Daily Reading & Meditation

Sunday (October 18): "Are you able to drink the cup that I drink?"

Scripture: Mark 10:35-45

35 James and John, the sons of Zebedee, came forward to him, and said to him, "Teacher, we want you to do for us whatever we ask of you." 36 And he said to them, "What do you want me to do for you?" 37 And they said to him, "Grant us to sit, one at your right hand and one at your left, in your glory." 38 But Jesus said to them, "You do not know what you are asking.

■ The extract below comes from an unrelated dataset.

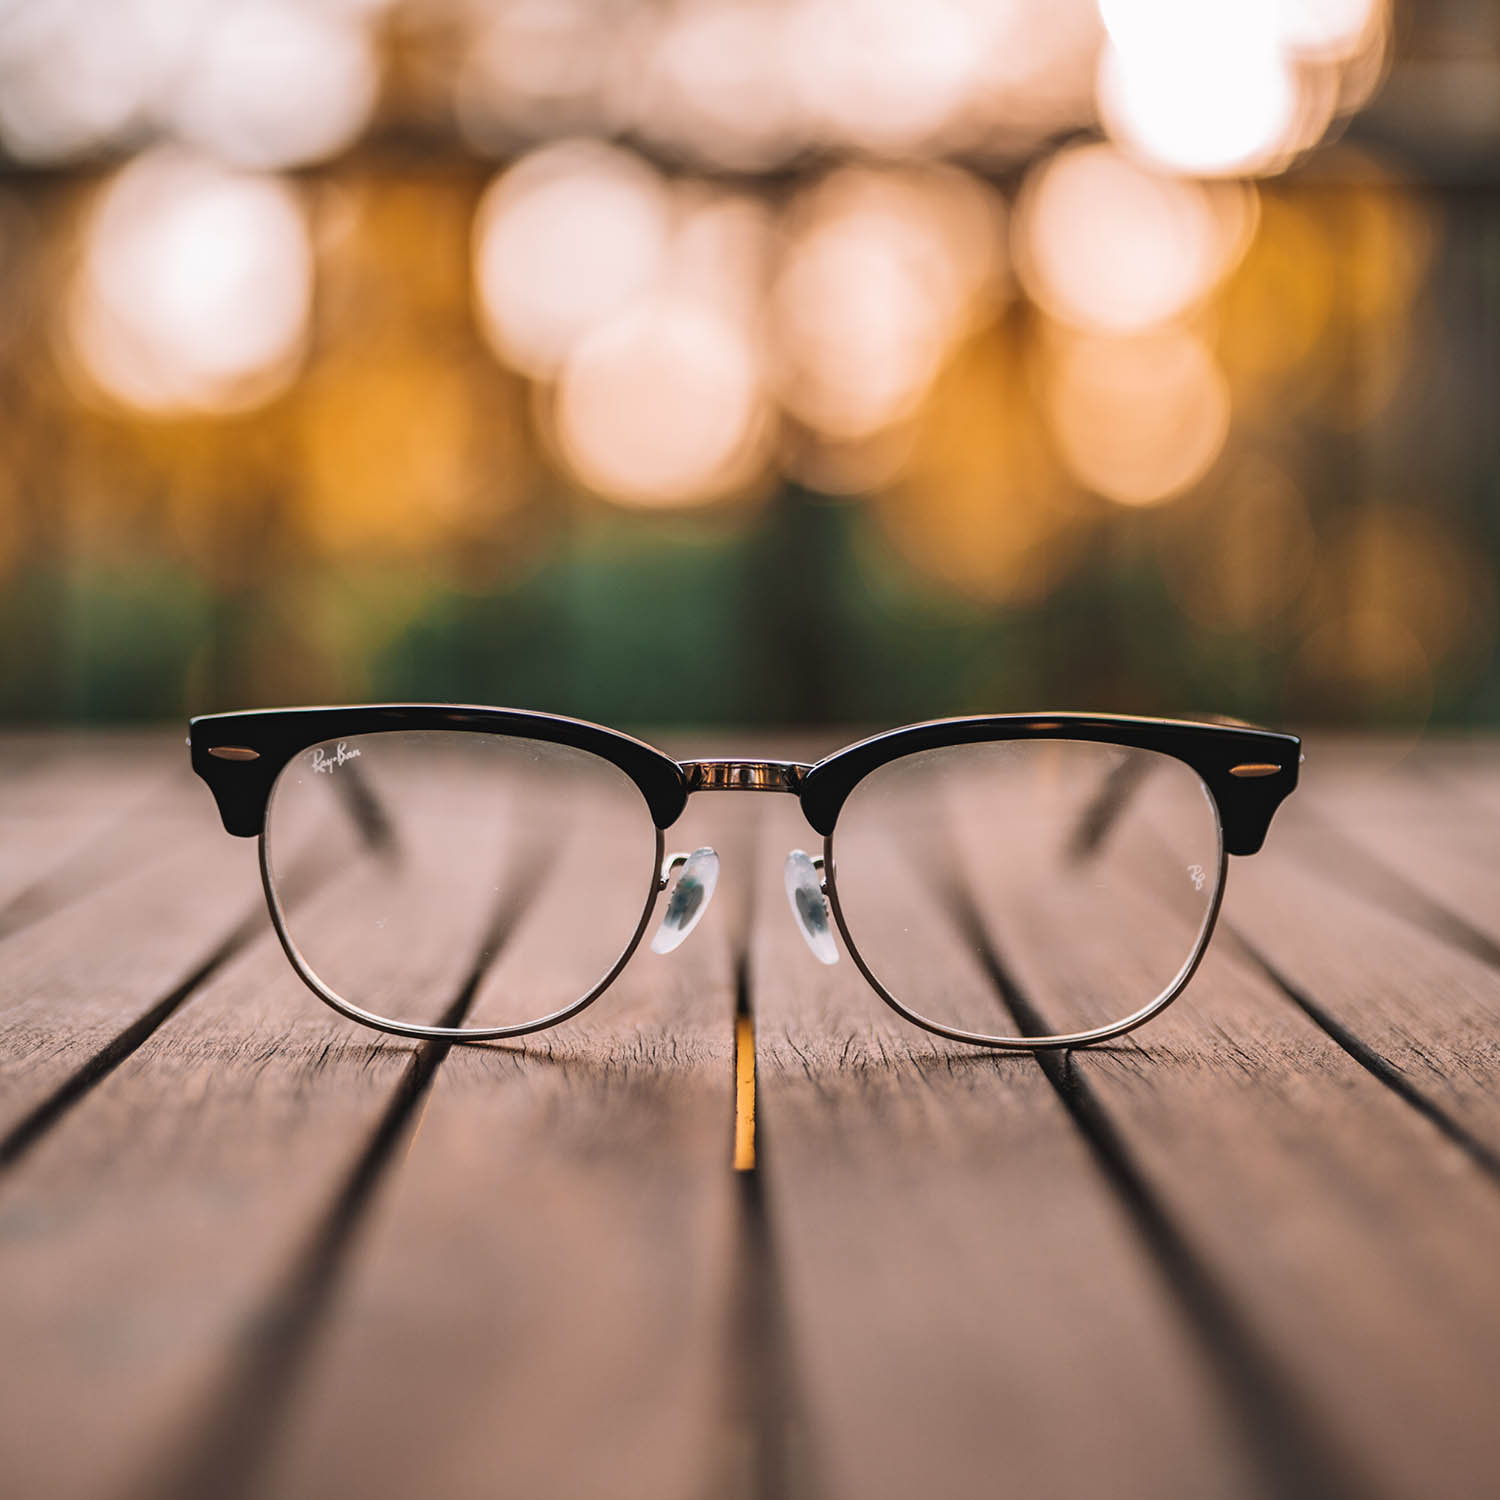 Image of a pair of glasses

Are you able to drink the cup that I drink, or to be baptized with the baptism with which I am baptized?" 39 And they said to him, "We are able." And Jesus said to them, "The cup that I drink you will drink; and with the baptism with which I am baptized, you will be baptized; 40 but to sit at my right hand or at my left is not mine to grant, but it is for those for whom it has been prepared." 41 And when the ten heard it, they began to be indignant at James and John. 42 And Jesus called them to him and said to them, "You know that those who are supposed to rule over the Gentiles lord it over them, and their great men exercise authority over them. 43 But it shall not be so among you; but whoever would be great among you must be your servant, 44 and whoever would be first among you must be slave of all. 45 For the Son of man also came not to be served but to serve, and to give his life as a ransom for many."

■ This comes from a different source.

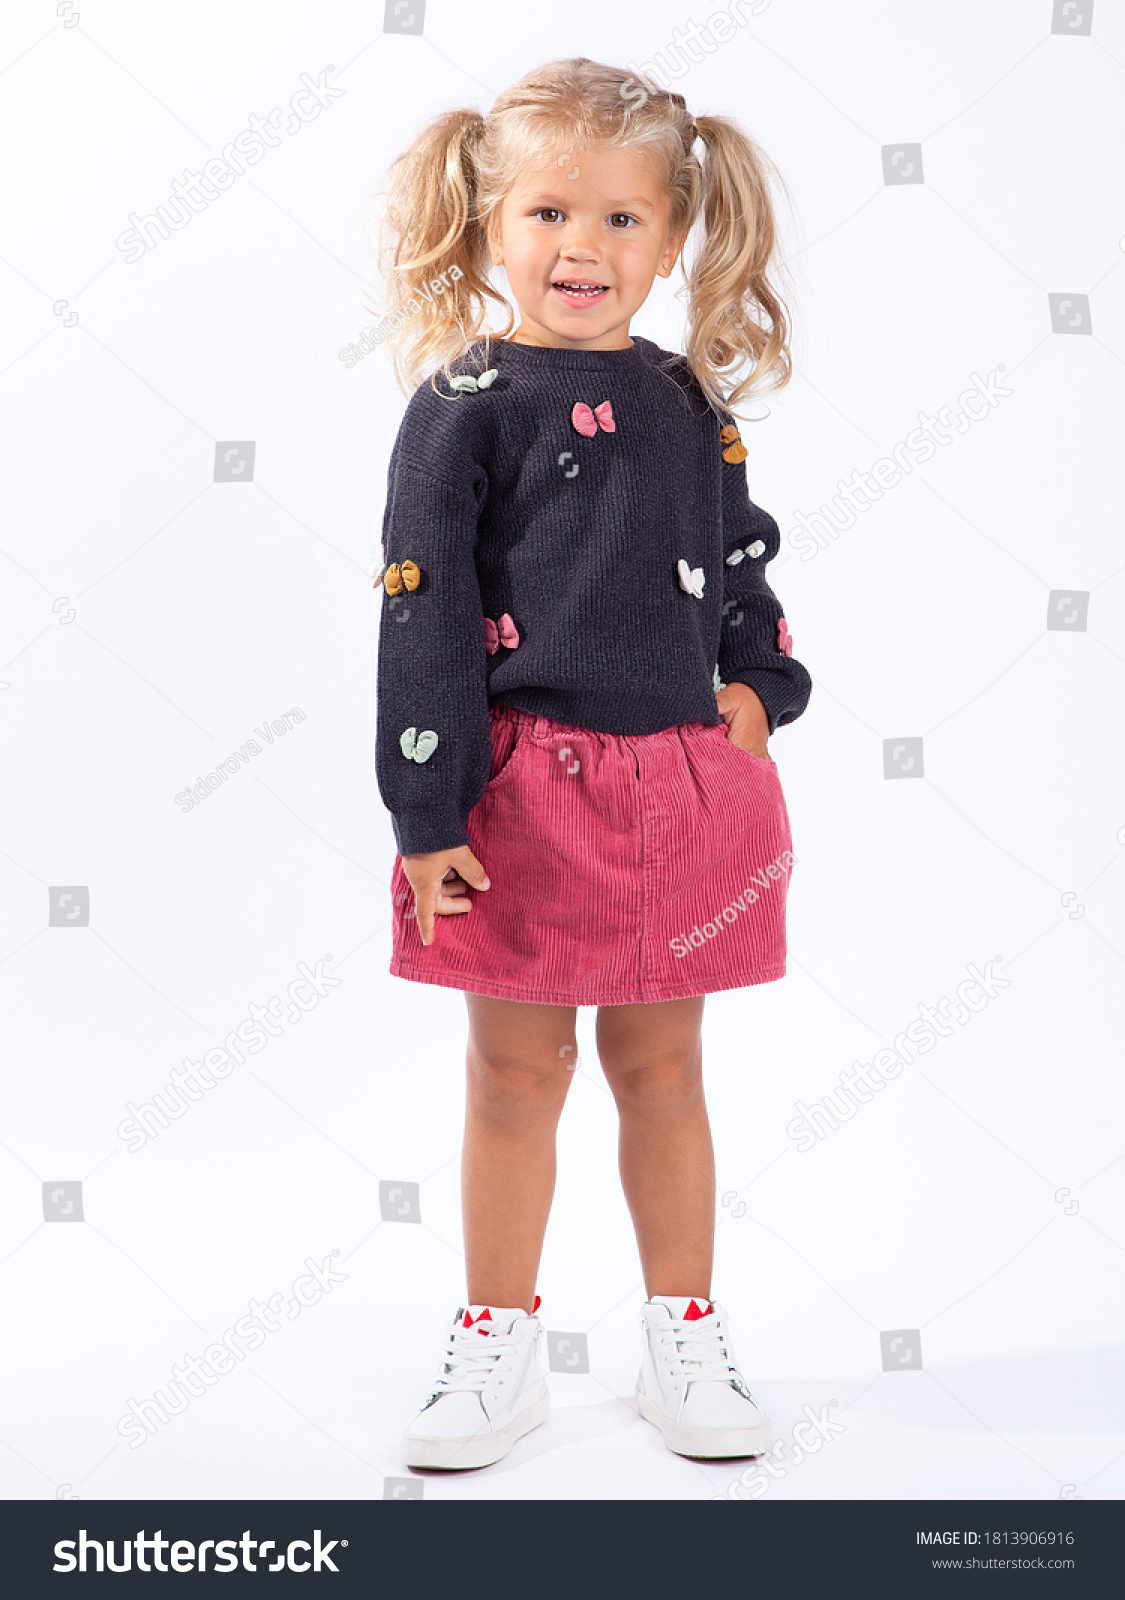 Cute beautiful European blonde girl with two ponytails stands on a white background in full growth. A 3-year-old girl is a model, posing, smiling. #1813906916

Meditation: Would you rather be the leader or a follower, take first place or the last? Two of Jesus' disciples boldly asked Jesus to promote them to first place in his kingdom. The desire for greatness seems to be inbred in all of us. Who wants to be last or least? Jesus did the unthinkable - he reversed the order to true greatness and glory. If we want to be first and great, then we must place ourselves at the disposal of others by putting their interests first and by taking on their cares and concerns as if they were our own.

Jesus wedded authority with unconditional love and service with total sacrifice - the willing sacrifice of one's life for the sake of another. Authority without sacrificial love is brutish and self-serving. Jesus also used stark language to explain what kind of sacrifice he had in mind. His disciples must drink his cup if they expect to reign with him in his kingdom. The cup he had in mind was a bitter one involving crucifixion - laying down one's life even to the point of shedding one's blood for the sake of Christ.

What kind of cup does the Lord have in mind for each one of us? For some disciples such a cup entails physical suffering and the painful struggle of martyrdom - the shedding of one's blood for the sake of Christ's name. But for many of us, it entails the long routine of the Christian life, with all its daily sacrifices, disappointments, set-backs, struggles, and temptations. The Lord Jesus has offered his life for our sake and he calls us to freely offer our lives in a daily sacrifice of love and service for others. What makes such sacrifice a joy rather than a burden is love - the kind of love which has power to transform and change our lives and the lives of those around us. Paul the Apostle tells us that this "love" is a pure gift  "which God has poured into our hearts through the Holy Spirit which has been given to us" (Romans 5:5). If we allow God's love to transform our lives, then no sacrifice will be too great or hard to make.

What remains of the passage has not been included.